Improperly noted in default, or not advised of principle debt reduction and now being sued?  Here is a good argument that defeated the institution lawyers' motion for summary judgment on a defaulted student loan: http://www.canlii.org/en/on/onsc/doc/2004/2004canlii13347/2004canlii13347.html

 
10]      The student loans are also the subject of legislation and regulation.  Everyone is taken to know the law, of course, but in a heavily regulated system there is surely some obligation on the institutions administering the system to assist those intended to benefit from it to navigate the rocks and shoals of administrative requirements, to ensure that the benefits of the system are made available to those for whom they are intended.

[11]      Mr. Brown’s defence is that his lender failed to tell him of the relief that was available to him, and that if he had known he would have sought that relief, so that his repayment obligations could be tailored to meet his circumstances, as envisioned by the program.  He does not seek to avoid the loan, or to deny his obligations, but he does wish to have them adjusted to reflect what ought to have happened.

[13]      This is the dilemma.  The student loan program is salutary, so long as students observe its terms.  If a student borrower goes “offside” and is found to be in default, the results, while commercially defensible, are very onerous.  Here we have a teacher at the start of his career.  He is established now, and earning a reasonable income as a teacher, and can afford the reasonable debt servicing charges associated with the orderly repayment of a student loan.  He likely cannot afford to repay the entire loan all at once, and payment of interest at a current rate of 9% per annum, given regular consumer borrowing rates, seems excessive.  Mr. Brown’s case, on the merits, is that he (and Canada) ought to be placed in the position that would have prevailed had he been accorded the treatment that was available to him throughout the period of his indebtedness to date.
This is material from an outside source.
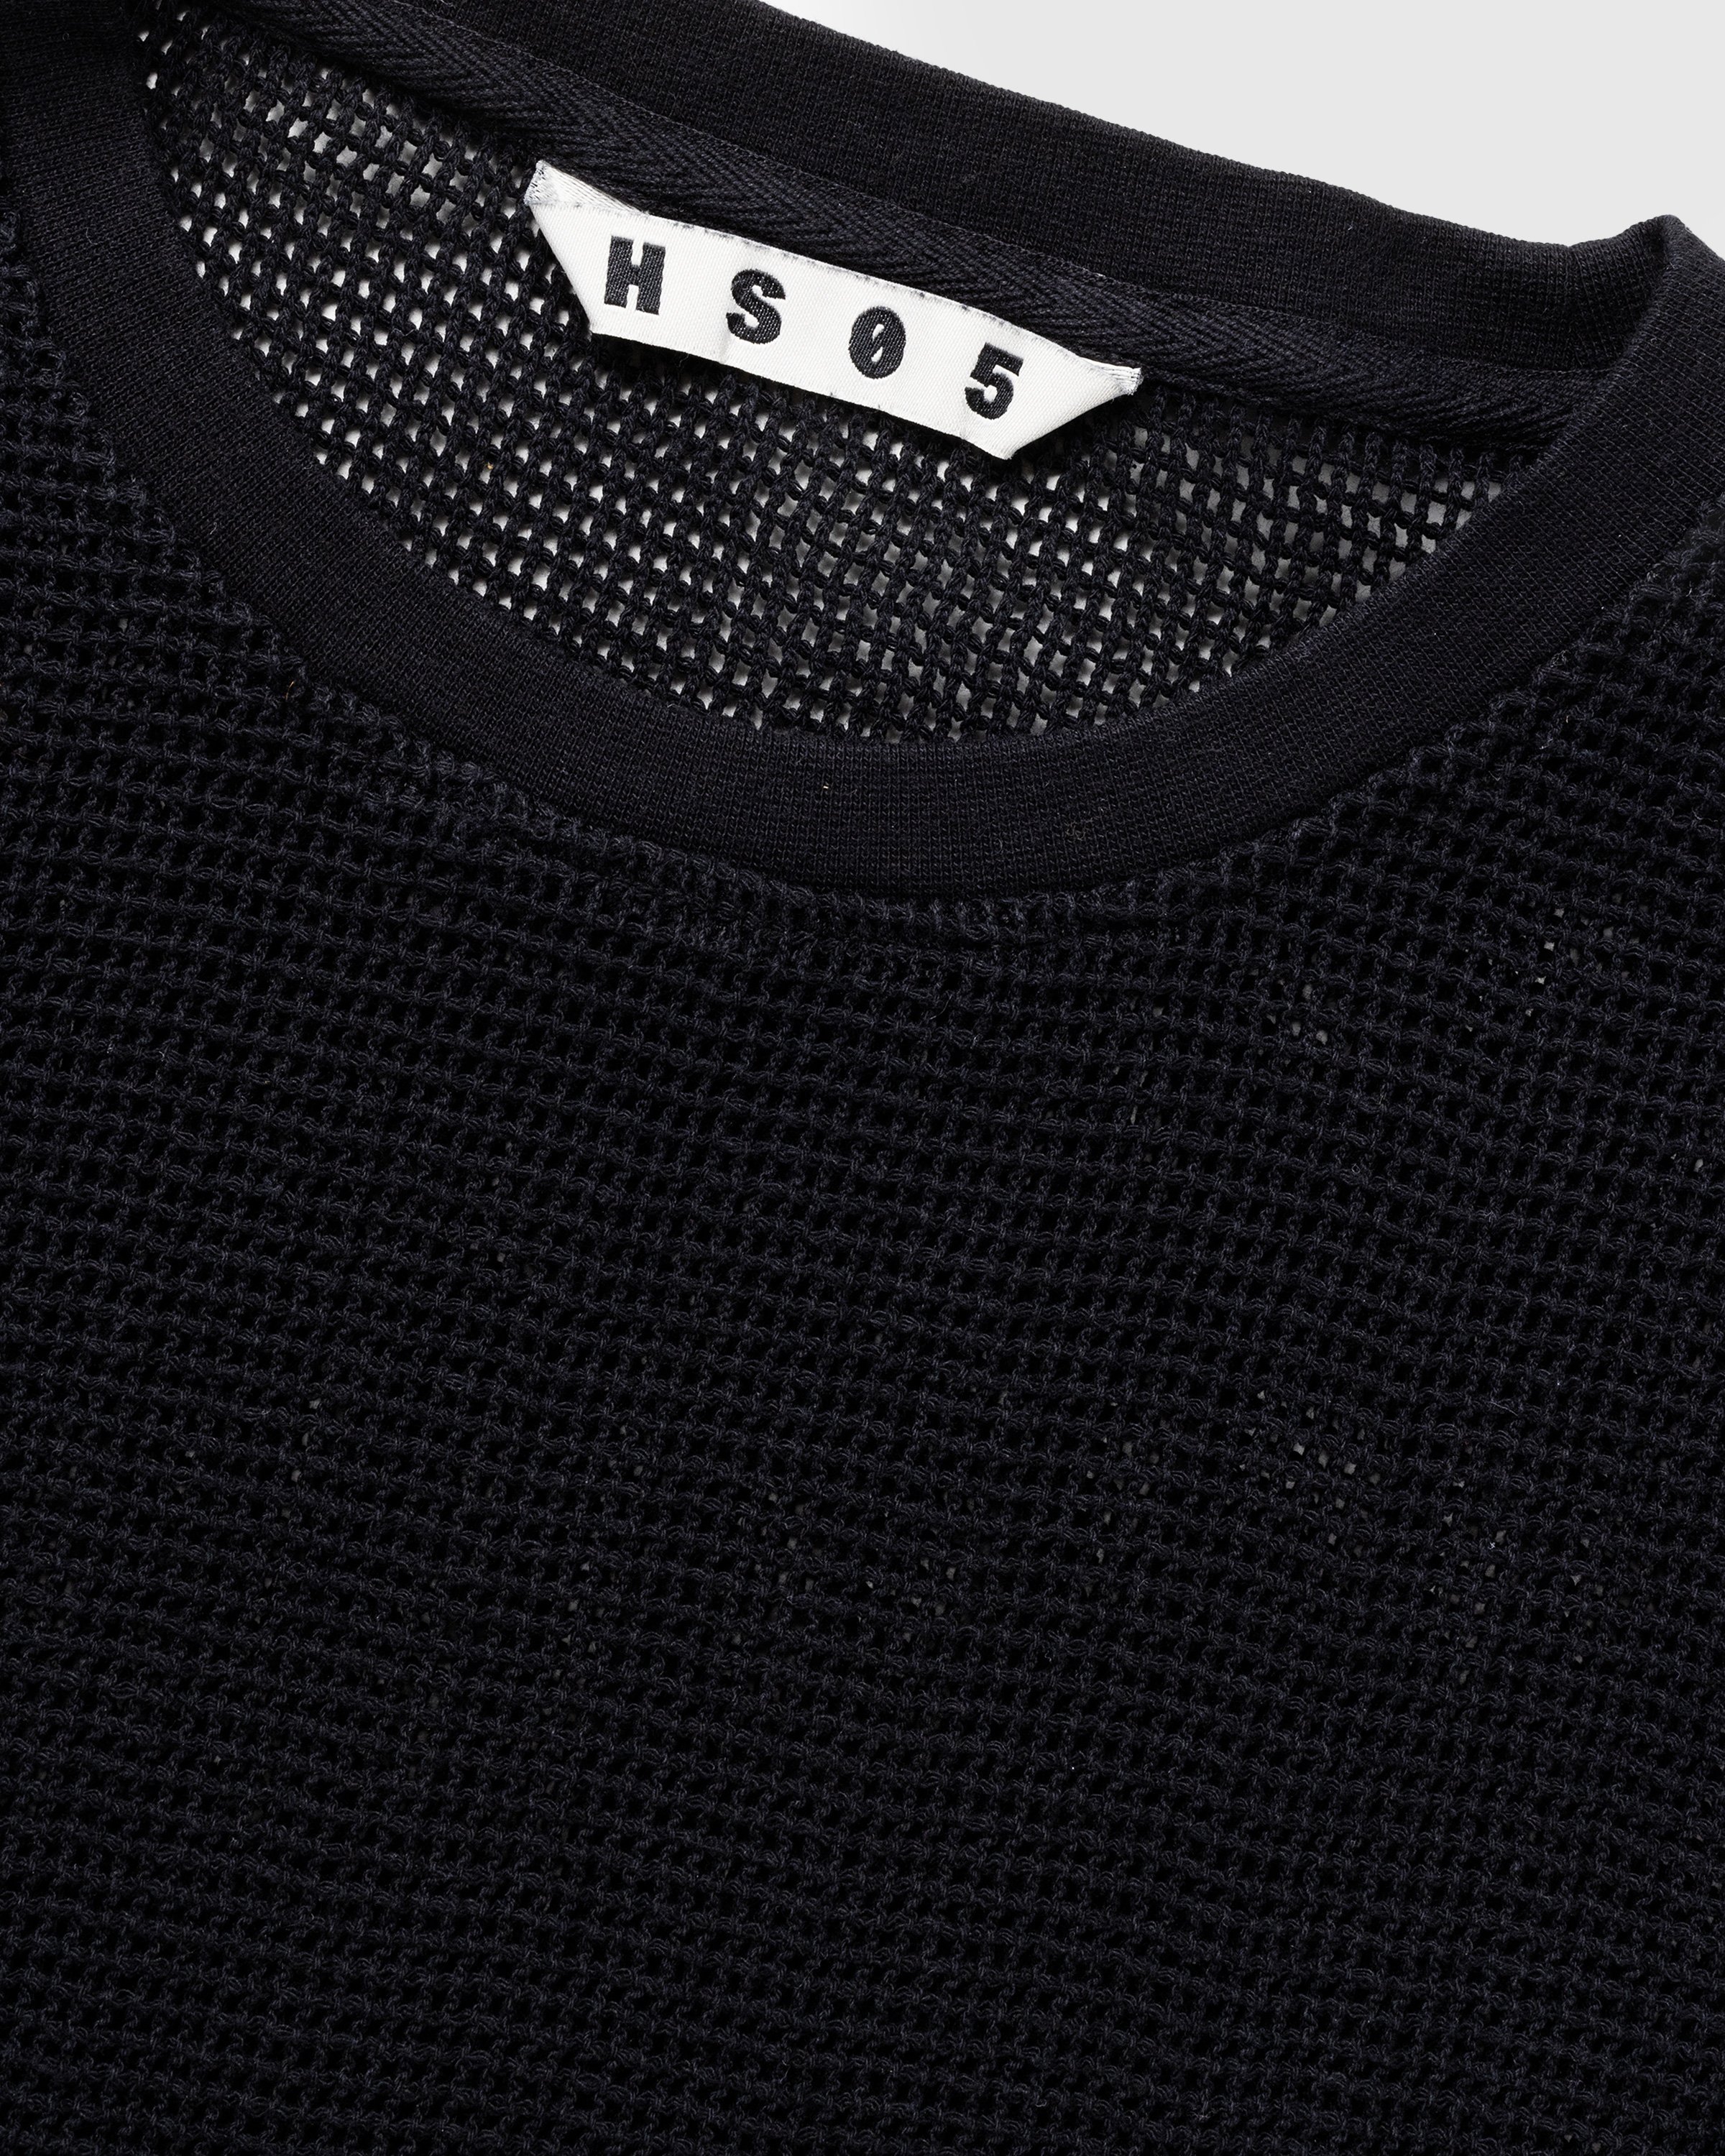 Highsnobiety HS05 - Pigment Dyed Cotton Mesh Knit - Clothing -  - Image 7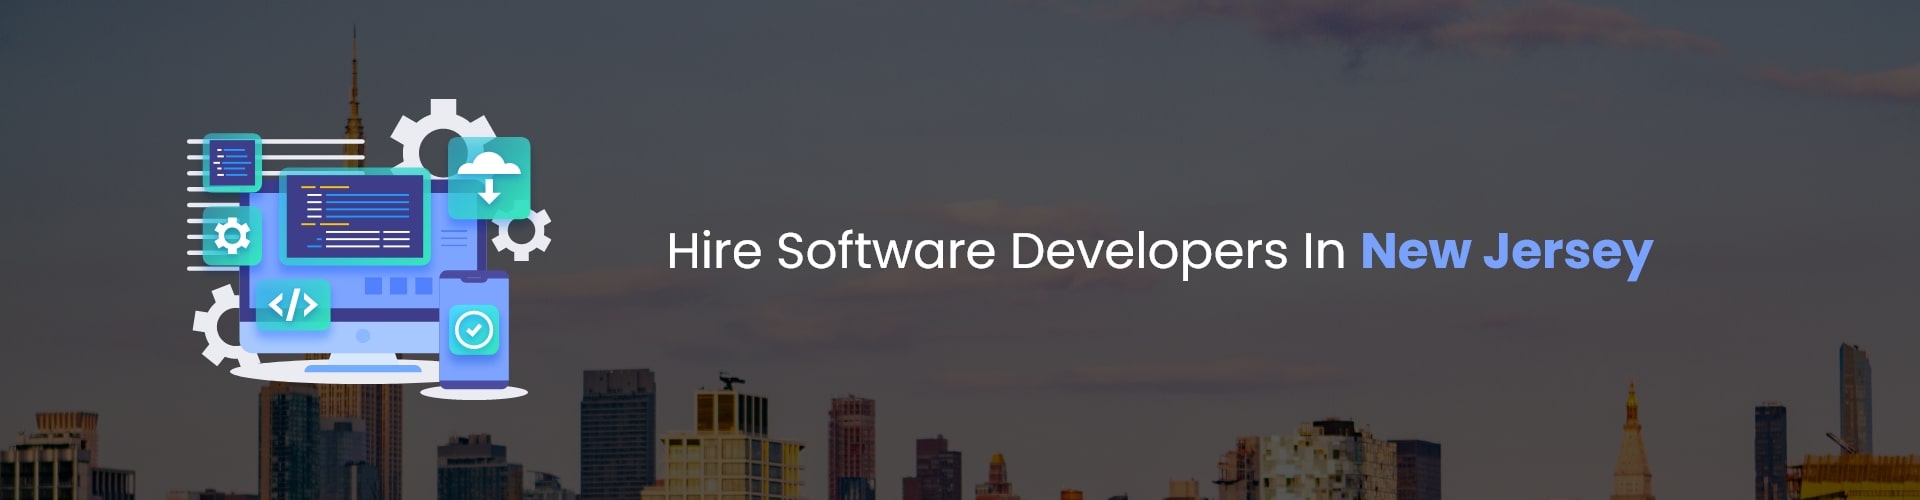 hire software developers in new jersey

[14]      In my view this is a coherent defence.  In my view, Mr. Brown’s materials establish triable issues.  The questions of whether Mr. Brown was improperly advised in connection with his loan, and whether he would have been entitled to interest and principal relief, had his file been handled properly, are all matters of fact for the trial judge.  Canada’s response to this defence – that Mr. Brown had to obtain particular relief in a particular order – can also be assessed by the trial judge, who could well agree and yet grant Mr. Brown a remedy.

[15]      For these reasons, this is not a proper case for summary judgment.  The motion is dismissed.